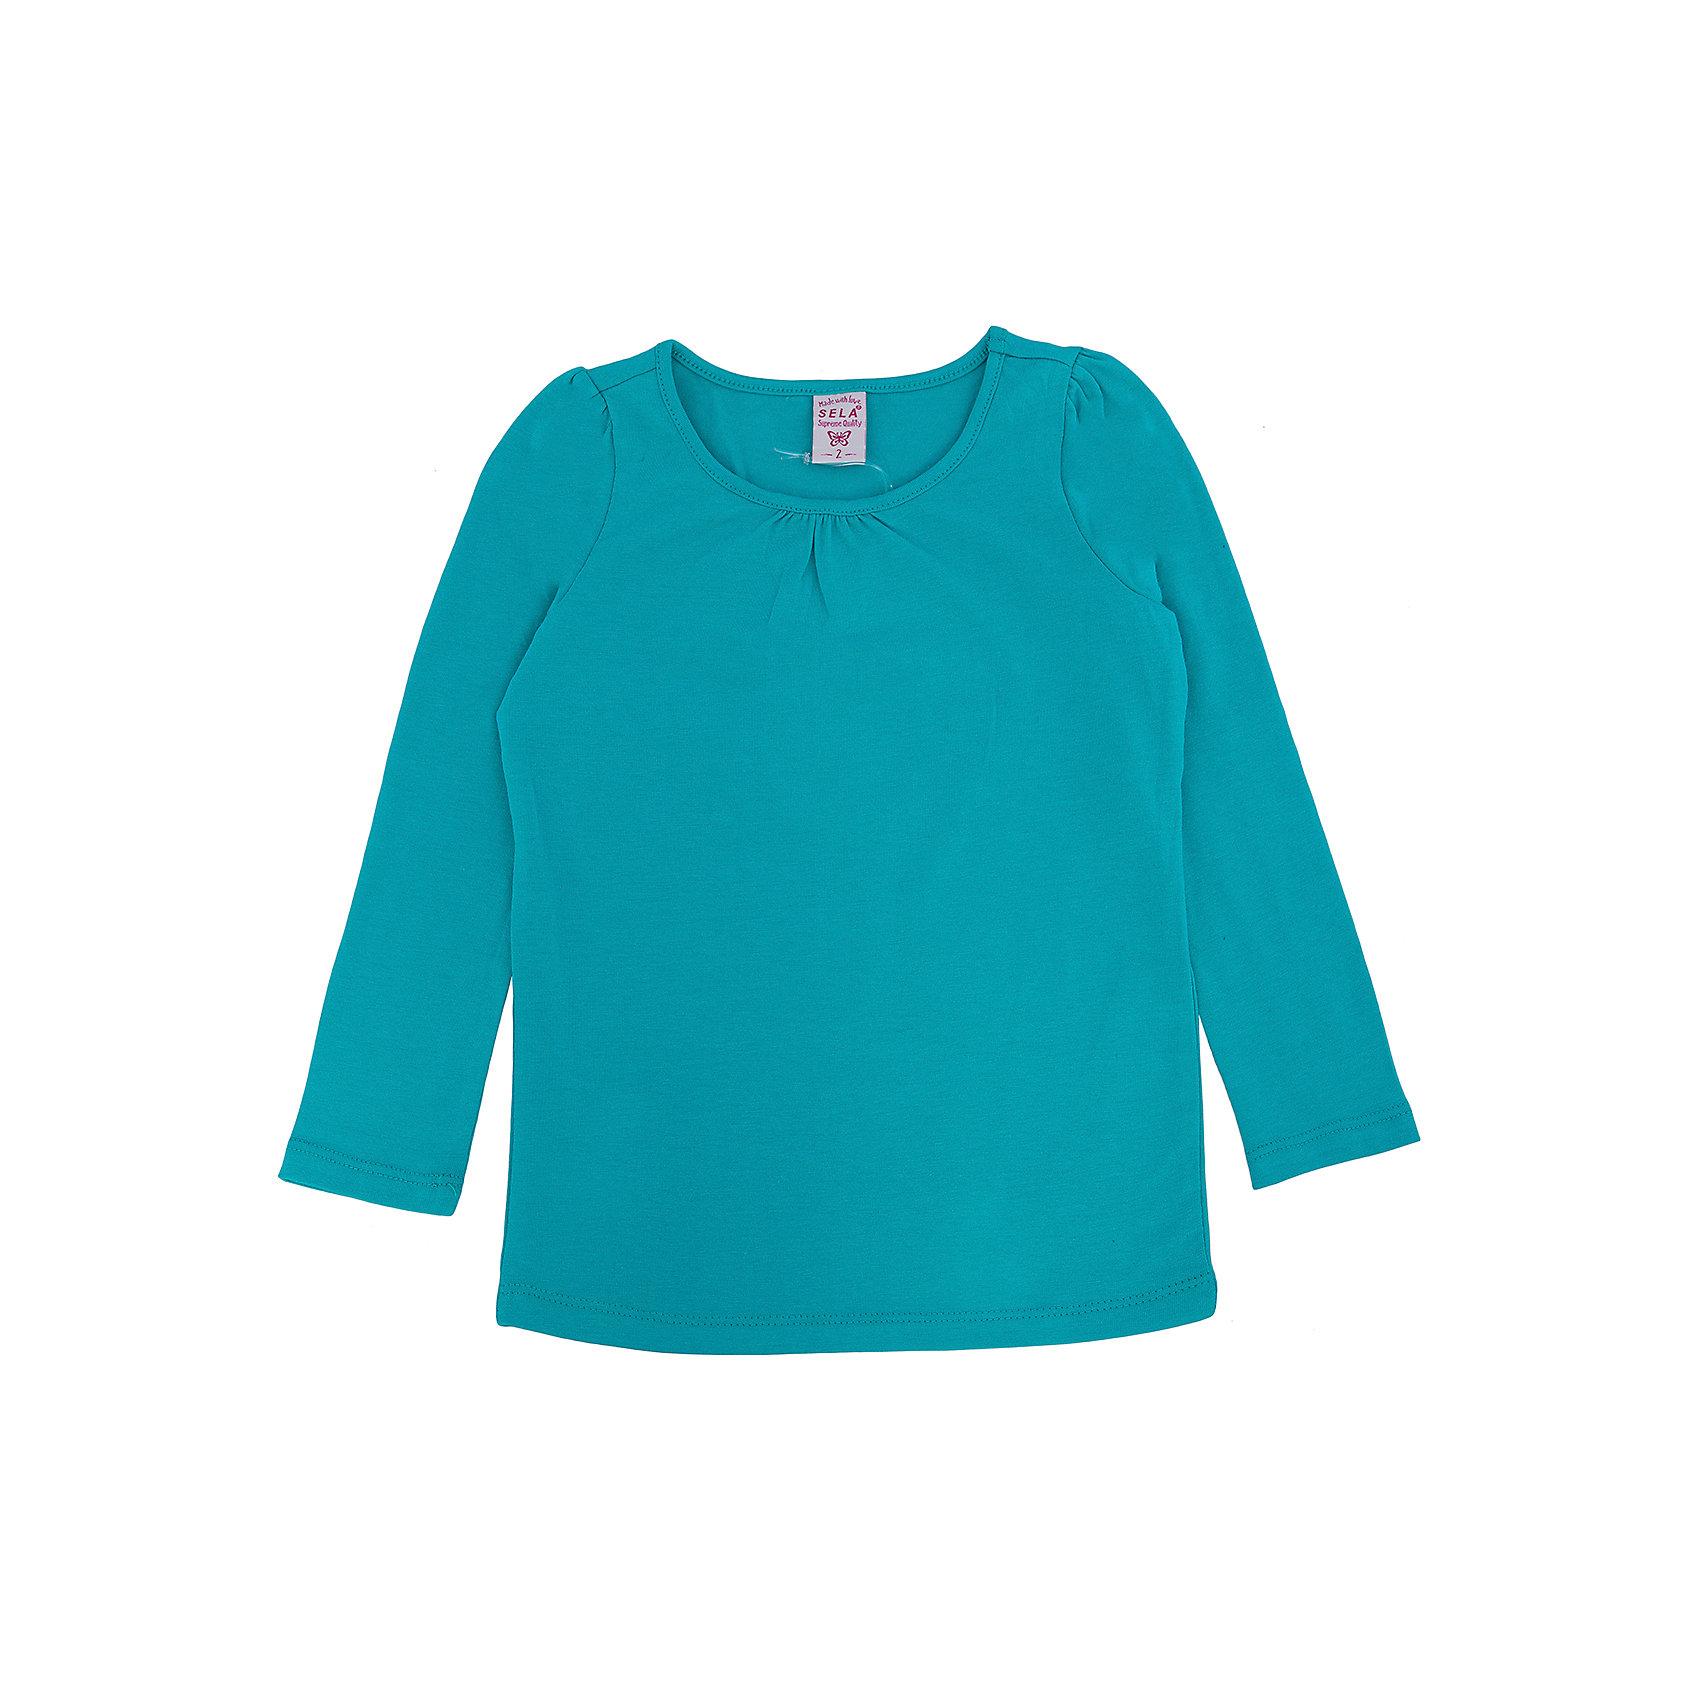 Футболка с длинным рукавом для девочки SELAФутболки с длинным рукавом<br>Джемпер для девочки из коллекции осень-зима 2016-2017 от известного бренда Sela(сэла).<br>Модель имеет прямой силуэт и длинные рукава. Отлично сочетается и с джинсами, и с юбкой.<br>Особенности:<br>-прямой силуэт<br>-длинные рукава<br>-нормальная длина<br>Состав: 5% эластан, 95% хлопок<br>Джемпер для девочек Sela(сэла) можно купить в нашем интернет-магазине.<br><br>Ширина мм: 190<br>Глубина мм: 74<br>Высота мм: 229<br>Вес г: 236<br>Цвет: зеленый<br>Возраст от месяцев: 24<br>Возраст до месяцев: 36<br>Пол: Женский<br>Возраст: Детский<br>Размер: 98,116,92,104,110<br>SKU: 4883759
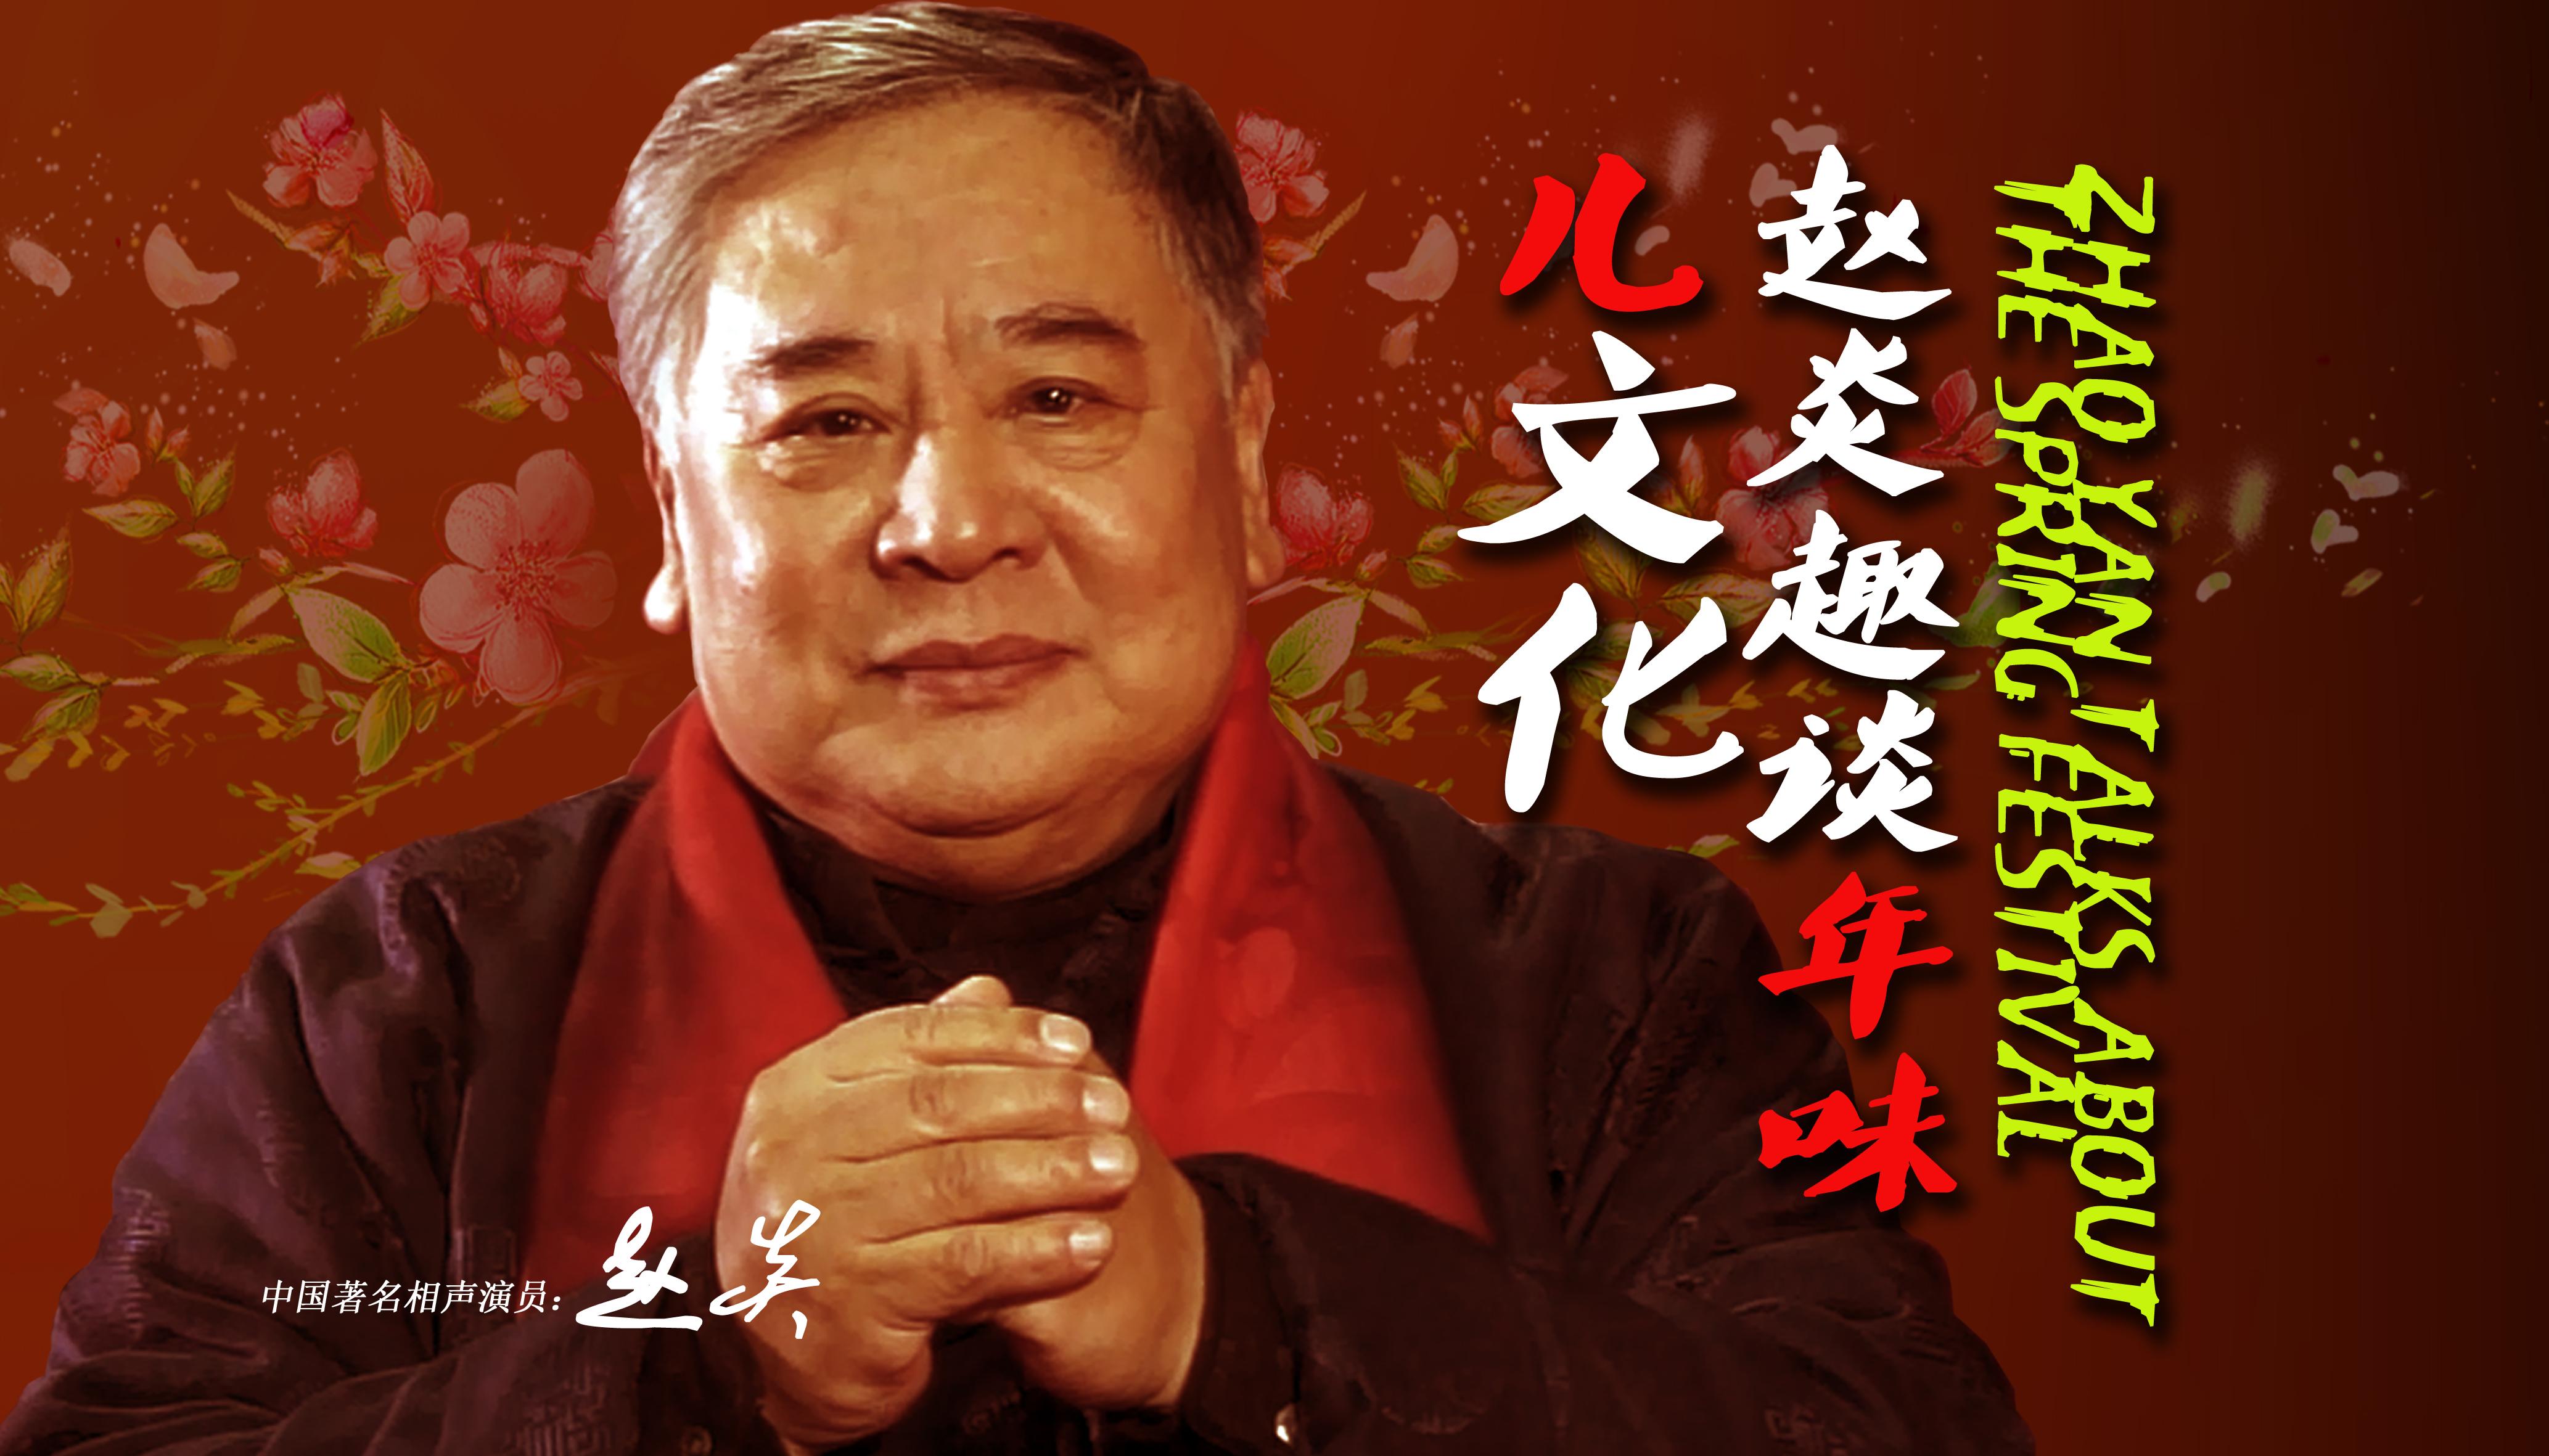 著名相聲表演藝術家趙炎:暢談年味兒文化
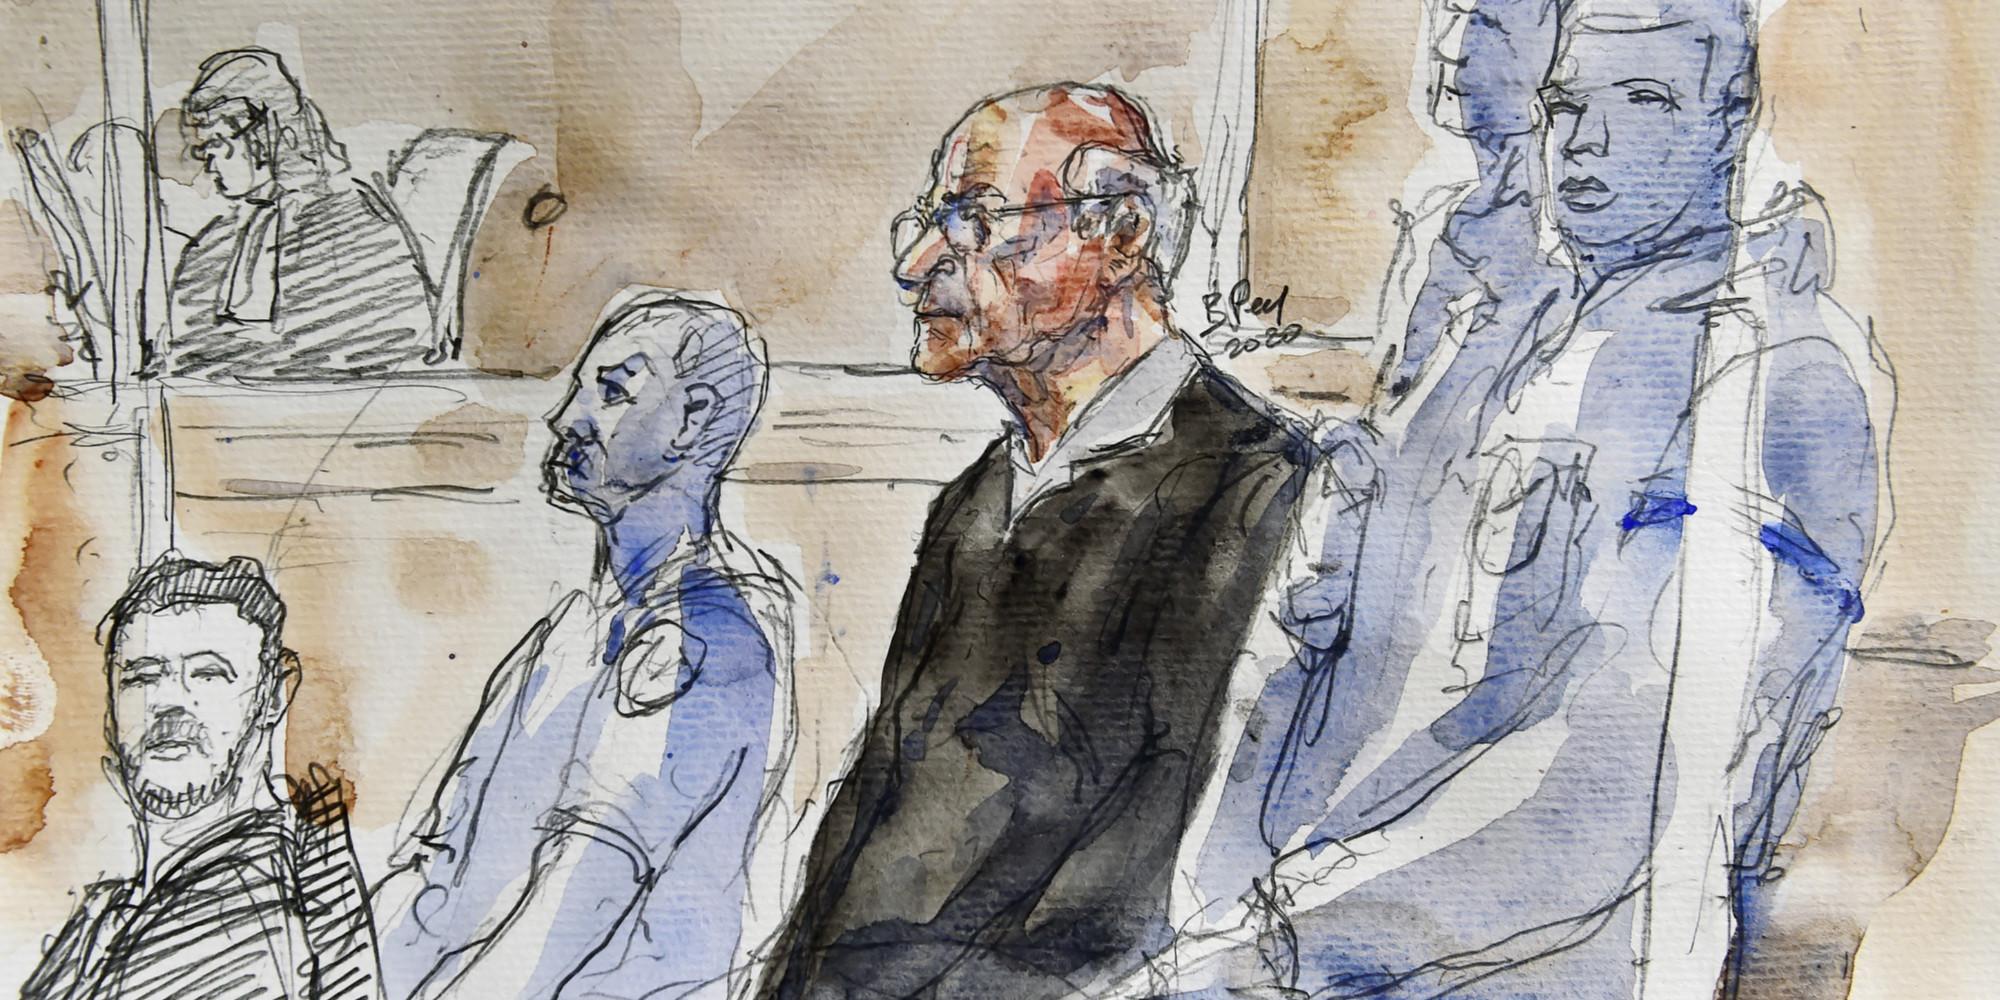 Pédocriminalité : l'ex-chirurgien Joël Le Scouarnec condamné à 15 ans de réclusion criminelle

---+---

> [What you are asked to do]
If the listing above includes images, copy every line of it exactly except those images.

> [Solution to the exercise]
 Футболка с длинным рукавом для девочки SELAФутболки с длинным рукавом<br>Джемпер для девочки из коллекции осень-зима 2016-2017 от известного бренда Sela(сэла).<br>Модель имеет прямой силуэт и длинные рукава. Отлично сочетается и с джинсами, и с юбкой.<br>Особенности:<br>-прямой силуэт<br>-длинные рукава<br>-нормальная длина<br>Состав: 5% эластан, 95% хлопок<br>Джемпер для девочек Sela(сэла) можно купить в нашем интернет-магазине.<br><br>Ширина мм: 190<br>Глубина мм: 74<br>Высота мм: 229<br>Вес г: 236<br>Цвет: зеленый<br>Возраст от месяцев: 24<br>Возраст до месяцев: 36<br>Пол: Женский<br>Возраст: Детский<br>Размер: 98,116,92,104,110<br>SKU: 4883759
 著名相聲表演藝術家趙炎:暢談年味兒文化
 Pédocriminalité : l'ex-chirurgien Joël Le Scouarnec condamné à 15 ans de réclusion criminelle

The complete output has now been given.